When I saw this red Mustang parked in front of a neighbor’s house the other day, I was pretty surprised. Was this an actual Mustang Mach 1 casually parked on the street? My surprise turned to skepticism pretty quickly; after all, it’s relatively easy to turn an ordinary Sportsroof Mustang into a Mach 1 or a Boss 351 “Tribute” car.
The hood scoops on this particular car are just for show, but that doesn’t prove anything. Not every 1972 Mach 1 came from the factory with functional Ram Induction hood scoops; that was an extra-cost option. If you paid for the Ram Induction option, you also got twist-to-lock hood pins.
Nice interior, but that’s obviously not the original steering wheel. And those three small gauges in the center of the dash would normally be a bit farther down; they’re occupying a spot where an air vent should be. The yellow thing on the steering column is a screwdriver. The placement of it makes it look like a left-over from a botched theft attempt. A more likely explanation is that the owner has a sense of humor. While I was taking these pictures, a neighbor who was walking his dog asked me if it was my car. All I could say was “I wish!”
The seats look good and have obviously been reupholstered. But are those the correct door panels?
This shot taken from oldcarbrochures.org shows what you got when you checked the box for the “Mach 1 Sports Interior Option.” (The console was a separate option.) Note the little chrome bands linking the two stripes on the seats; they’re missing from the featured Mustang. Although most Clydesdale-era Mach Ones that I’ve seen have this fancy interior, some don’t, and in spite of the name, the Mach 1 Sports Interior Option was available for any Sporstroof Mustang, not just an actual Mach 1. I suppose it was possible to order a car with the Mach 1 Sports Interior Option and a straight six. Maybe somebody somewhere did just that!
Another shot from oldcarbrochures.org shows the woodgrain missing from today’s car.
That’s a heck of a profile! The steep angle of the back glass on this Mustang makes rear visibility problematic and renders the passenger-side rearview mirror a necessity. When I was in high school, I had a classmate who had a Mustang Sportsroof of 1971 to 1973 vintage.
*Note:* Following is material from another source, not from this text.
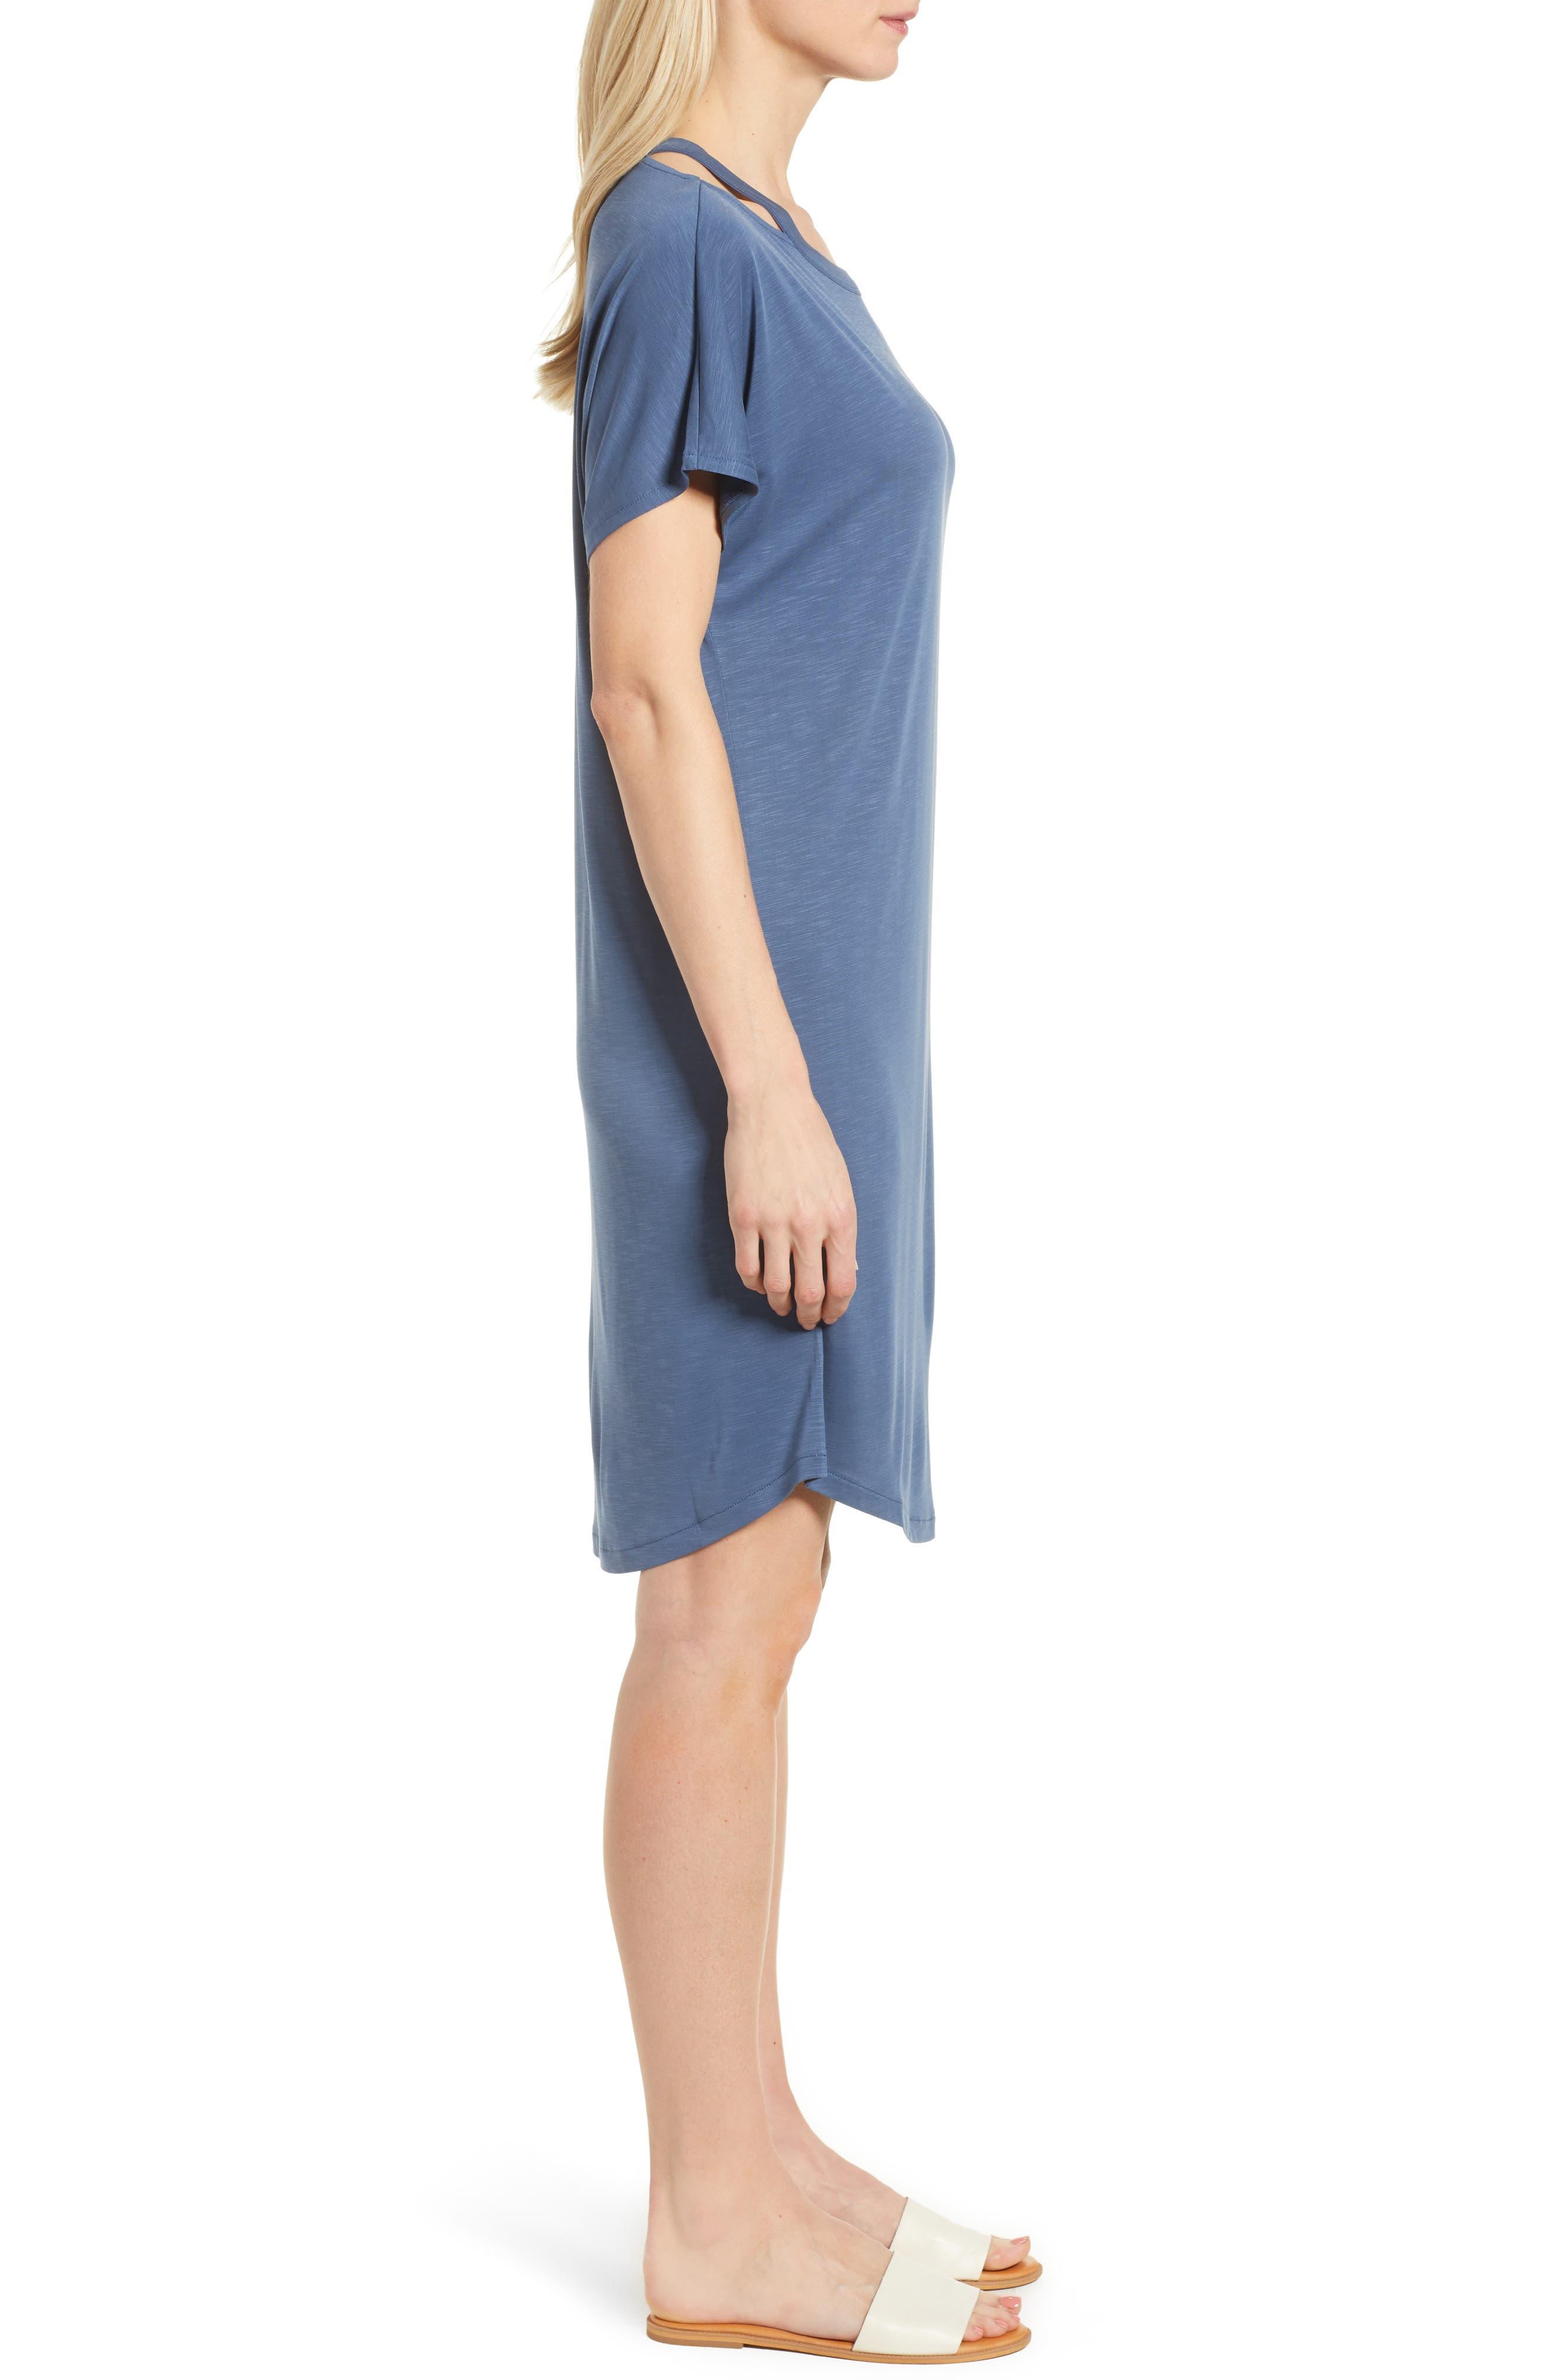 Open Road Dress,                             Alternate thumbnail 3, color,                             490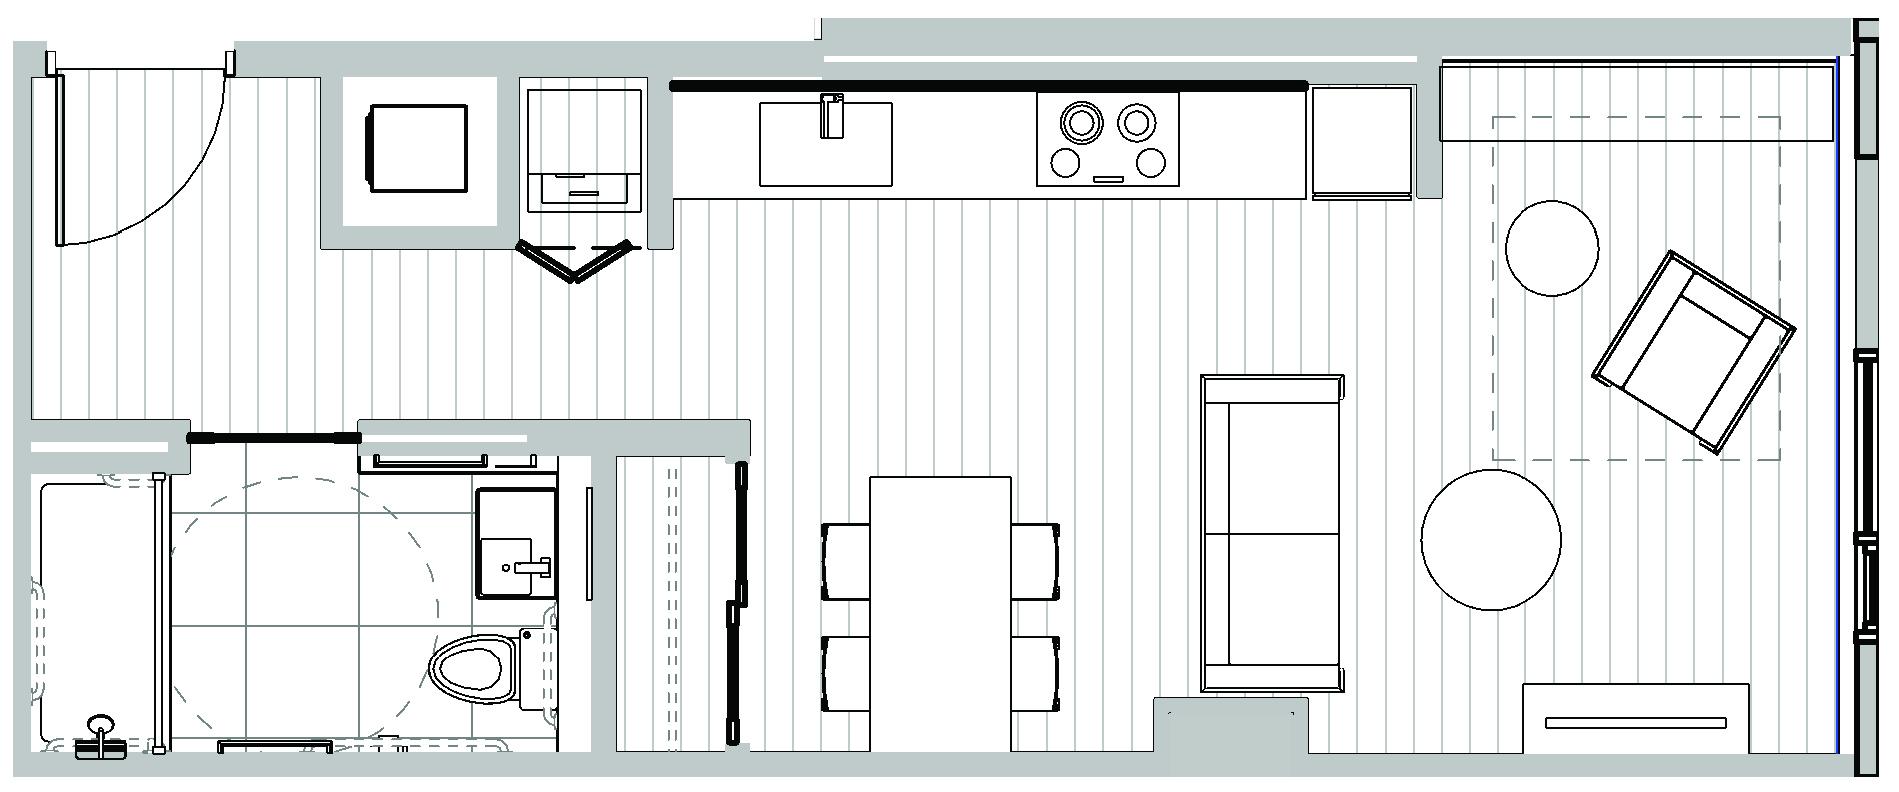 studio condos in Seattle - Koda Condominiums

As was fashionable at the time, he had the rear of the car jacked up in order to achieve a “California Rake.” On some cars, a California Rake looks okay, but on this particular Mustang, it looked ridiculous. The back glass on that jacked-up Mustang was perfectly horizontal; a sunroof for the presumably legless rear passengers. I like the stock look of this red Mustang a lot better! Note the Magnum 500 Chrome Wheels.
Adding insult to injury, my old classmate’s car had the standard Mustang grille as seen on this notchback model, and it was even painted the same disagreeable shade of brownish-green.
I can’t see the point of having a Sportsroof Mustang with the standard grille, when the mesh grille from the Mach 1 was available as part of the Decor Group.
Back here, we see why I decided that this car was a 1972 and not a 1971. A 1971 Mach 1 would have a special pop-open gas cap, which this car lacks. And we can also see why I’ve come to the conclusion that this is a tribute car, and not a “real” Mach 1. That “Mustang” script on the right side of the trunk shouldn’t be there; for whatever reason, Ford put that script on base model ’72 Mustangs and Grandes, but not on Mach Ones. And while I’m putting everyone to sleep with Mustang Trivia, I might as well let you know that a similar rule applied to 1971 Mustangs: Base models and Grandes had “MUSTANG” spelled out in block letters across the back of the trunk, but ’71 Mach Ones and Boss 351 models did not.
This car is also missing the honeycomb-pattern filler panel that echoed the Mach 1 grille. It looks a bit naked without it.
Of course this car could simply be an example of a less-than-perfect restoration, or a perhaps it’s a genuine Mach 1 that came from the factory with different door panels and the wrong trunk lid However, odds are it’s a tribute car. There’s no way to know for sure without taking a peek at the VIN (“05” for Mach 1 and “02” for not), but the evidence so far is pretty conclusive.
Many of us put a high premium on originality, myself included, but I think I can make an exception for this particular car. The owner of a genuine numbers-matching Mach 1 might be afraid to drive his car, but the owner of this clone showed no such fear. As I am fond of saying, “Cars are made to be driven.”